Upping rates by a quarter or even half a per cent, for starters, would send shockwaves around the world. It would reinforce the Bank’s commitment to controlling inflation and that it believes that the worst of the crisis is behind us.


It would boost confidence in the recovery, confirm that the process of normalisation has begun and act as a warning to still over-leveraged firms and families that this is the last chance for them to get their act together.



Telegraph: Mark Carney is about to make his first mistake – not raising interest rates



Updated





Forward Guidance day at the Bank of England – at 10.30am



Governor of the Bank of England, Mark Carney.
Governor of the Bank of England, Mark Carney. Photograph: Pool/Getty Images

Good morning.


Mark Carney has made a pretty sure-footed start since replacing Sir Mervyn King as Bank of England governor five weeks ago. Today, the central banker from Canada faces his first big test – ushering Britain into a new world of Forward Guidance.

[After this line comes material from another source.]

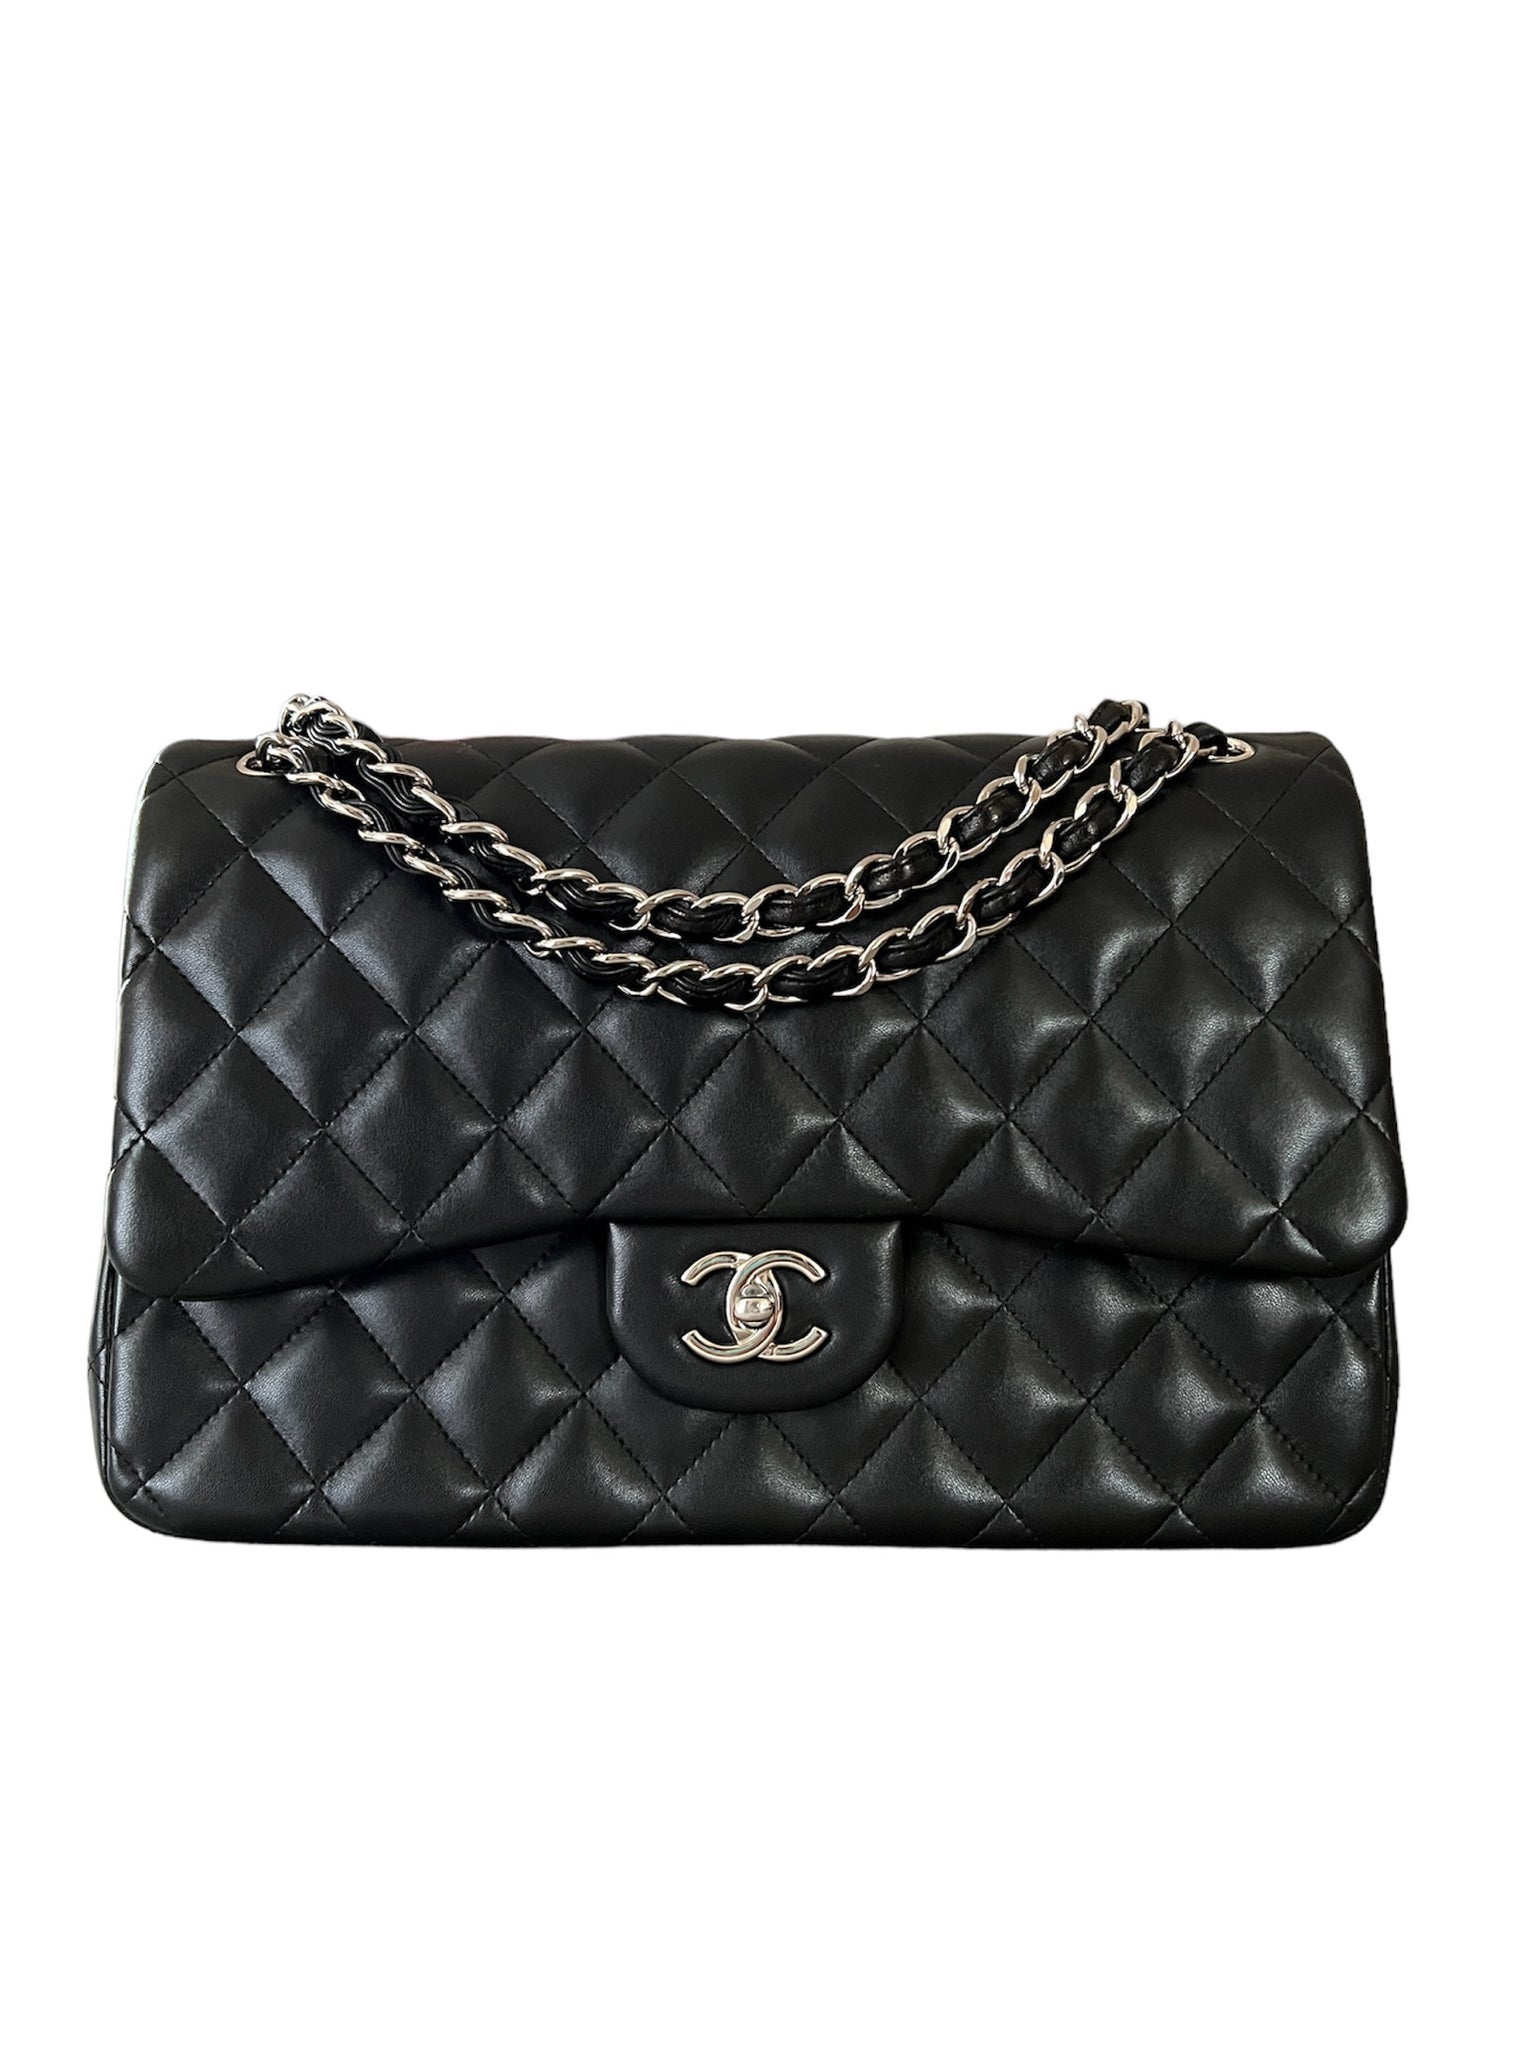 Chanel Timeless / Classic Maxi Jumbo Vintage bag in black leather

For the first time in its history, the Bank will lay out how long it will leave UK interest rates at their current record low levels.


Economists believe the BoE could pledge not to touch borrowing costs until unemployment had fallen to a certain level, or until the UK has racked up more growth. Or perhaps for a fixed period of time.

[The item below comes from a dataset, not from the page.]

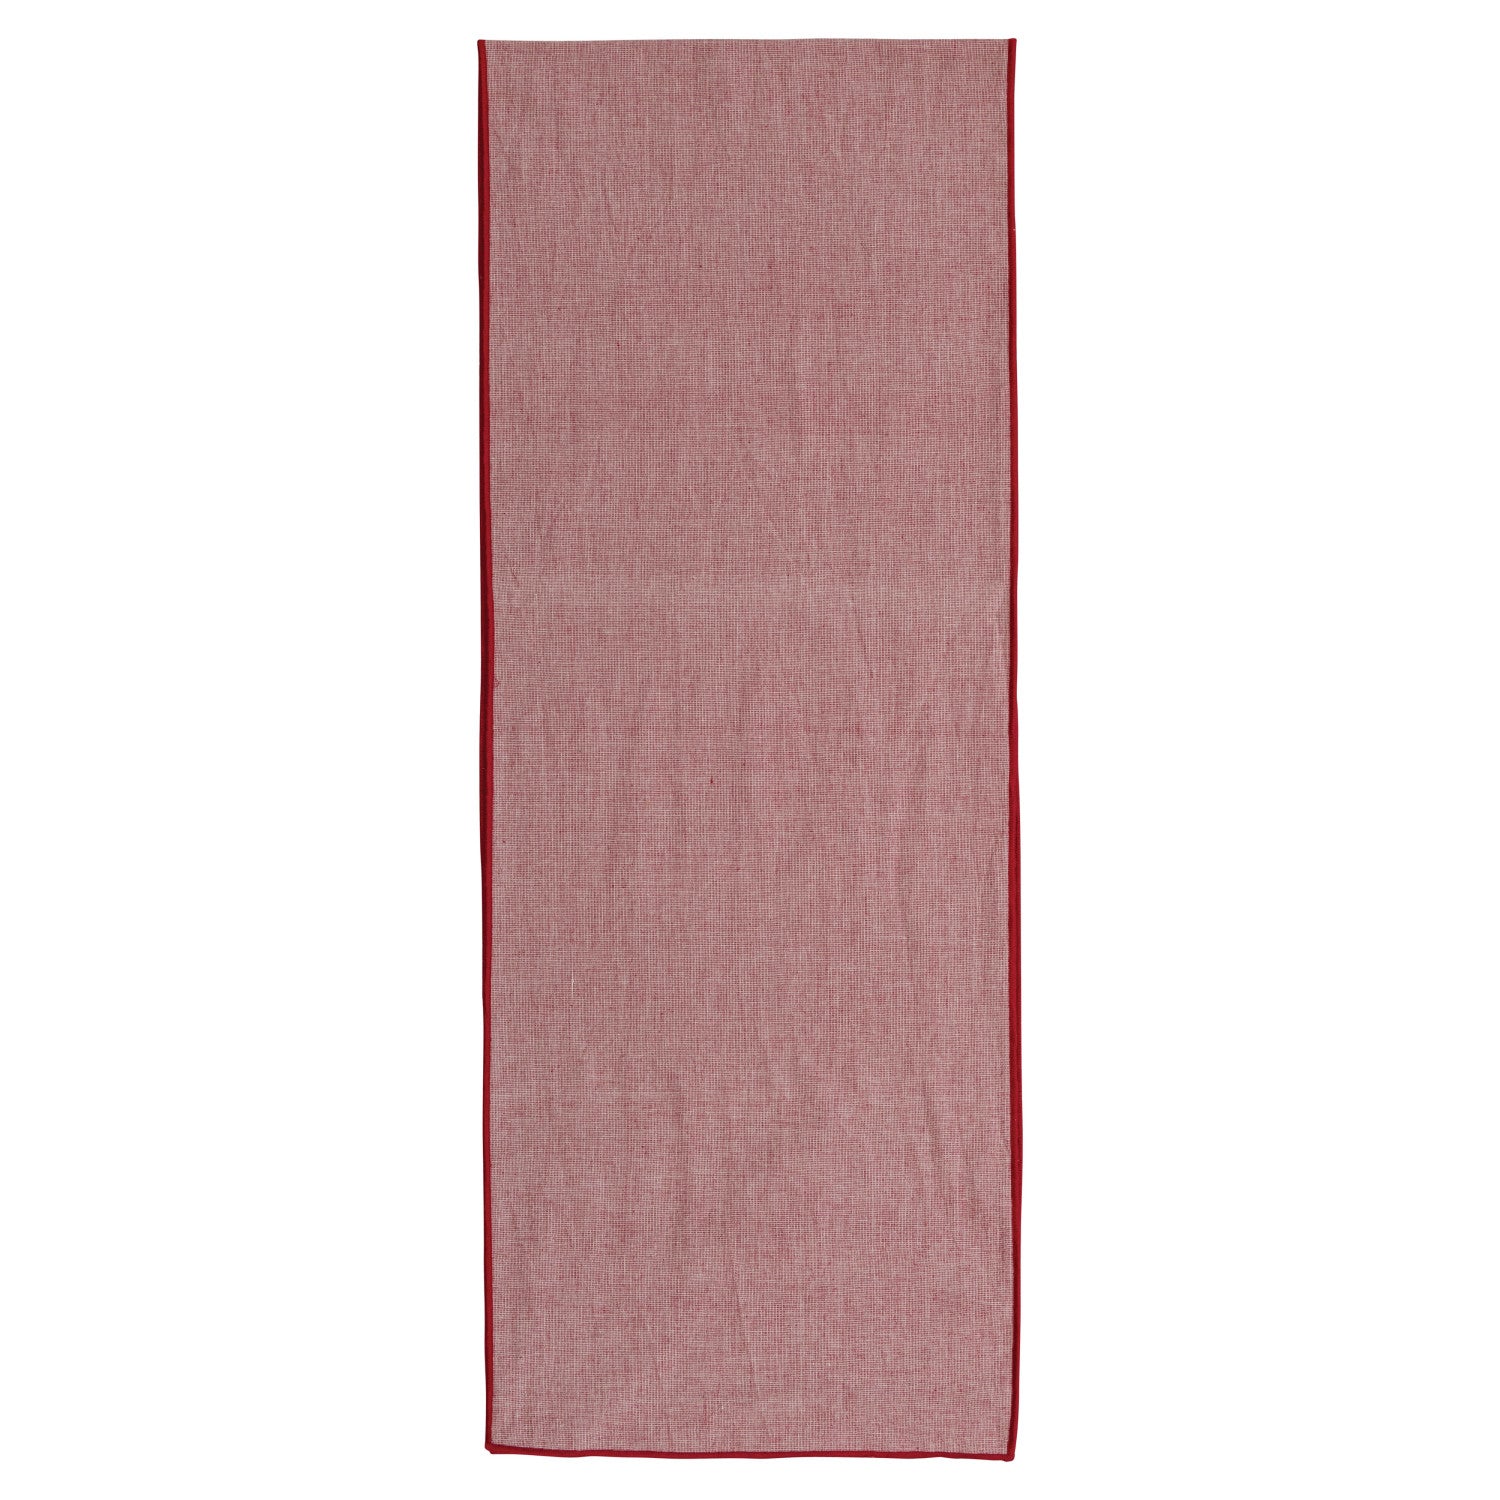 72"L x 14"W Woven Cotton Table Runner Red

The move gives Carney and crew an extra weapon in their monetary policy armory – and with rates down at 0.5% and £375bn of quantitative easing already deployed (to buy UK government debt), they could use it.


As Vicky Redwood of Capital Economics explains:



Guidance could play an important role in the coming months if it keeps rate expectations anchored as the recovery picks up pace.



The details will come at Carney’s first press conference, for the Bank’s Quarterly Inflation Report, in which UK growth forecasts are likely to be raised…


…And that makes today’s task rather trickier that it appeared back in March when chancellor George Osborne invited the BoE to consider forward guidance. Then, Britain feared a triple-dip recession. Now, it knows that the double-dip never happened.


The economy is still smaller than in 2008, but we’ve seen plenty of encouraging private sector data in recent days – including the best month for service sector activity since 2006, and a jump in industrial output.


With some newspapers (not this one) even claiming that Britain is “booming”, should the Bank really be promising to keep the party going?



@DuncanWeldon No idea what you're referring to. pic.twitter.com/FLFfasxlCN


— Jeremy Cliffe (@JeremyCliffe) August 6, 2013



However, with real wages falling and living standards squeezed, Carney can certainly argue that the UK economy needs all the help it can get.


The quarterly inflation report is released at 10.30am BST, immediately followed by a press conference inside the Bank where a flock of Britain’s economics journalists will quiz Carney about his plans.


I’ll track all the action in the liveblog — along with other events across the financial markets, the world economy, and the eurozone. It’s an otherwise quiet day, though, so Carney gets the limelight.